The survey published Tuesday by The Associated Press and NORC Center for Public Affairs Research found that 69 percent of all U.S. adults believe “major changes” or a “complete overhaul” of the U.S. criminal justice system is needed in response to the recent deaths of Black Americans in encounters with police.
A further 25 percent of American adults said that minor changes were needed to law enforcement; just 5 percent of adults who responded to the poll said that “no changes” should be made. The poll comes in the wake of massive nationwide protests over the death of George Floyd, a Black man seen on video in Minneapolis police custody pleading for medical attention while a white officer knelt on his neck for nearly nine minutes.
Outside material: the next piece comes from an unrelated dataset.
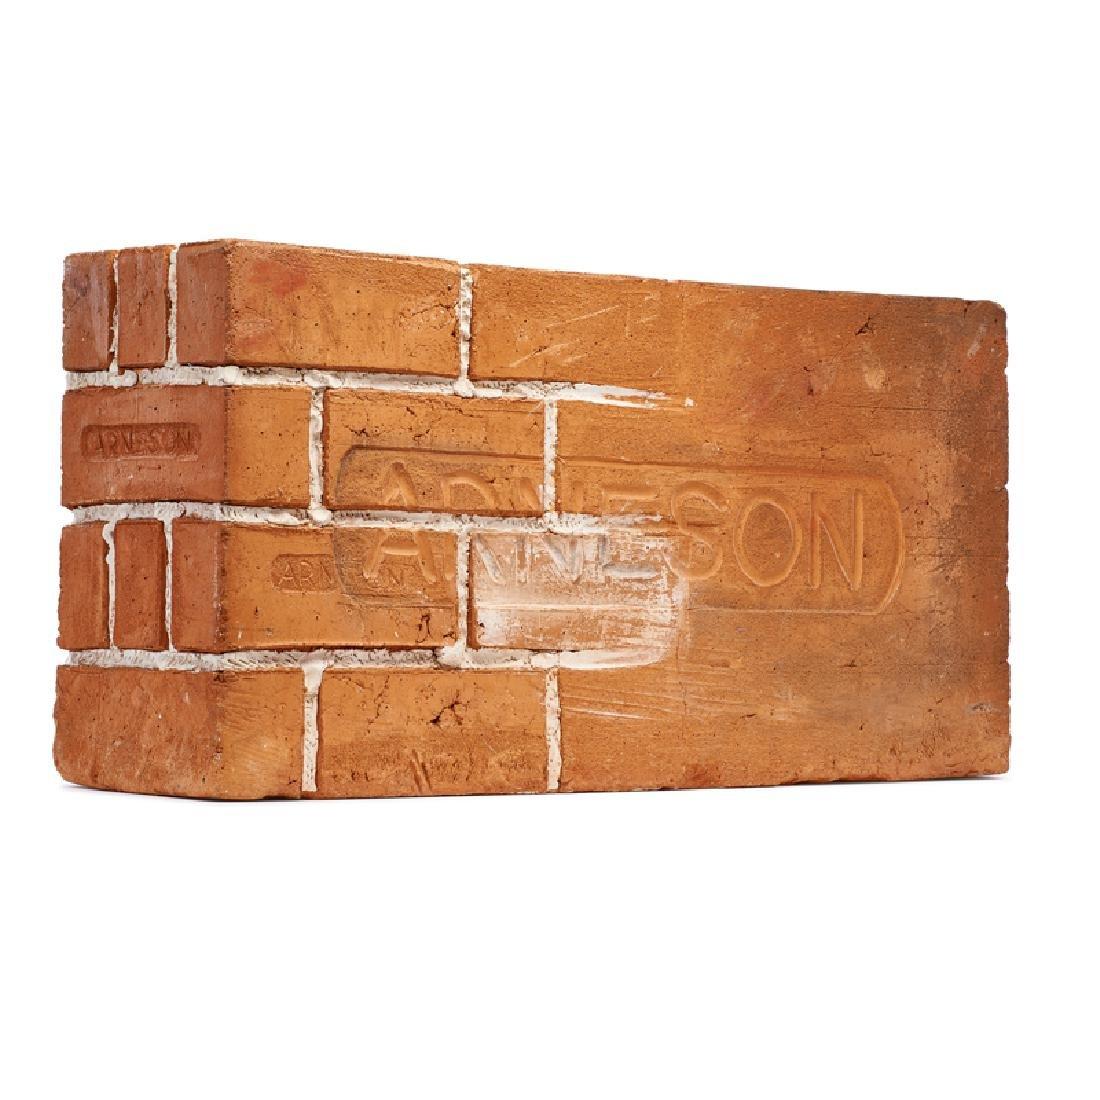 ROBERT ARNESON Massive brick sculpture

When it comes to specific reforms, 25 percent of Americans supported reducing funding for law enforcement, while there is much wider support for reforms such as requiring the use of body cameras (89 percent), establishing clear use of force protocols (86 percent) and requiring officers to report instances of misuse of force (87 percent).
The poll did show a divide among racial lines over whether the criminal justice system needed a complete overhaul: More than half (57 percent) of Black respondents agreed with this, while just 26 percent of white respondents did. 39 percent of white respondents called for major changes, while 30 percent said just minor changes were needed.
The AP-NORC poll surveyed 1,310 adults from June 11 to 15. The margin of error is 3.7 percentage points.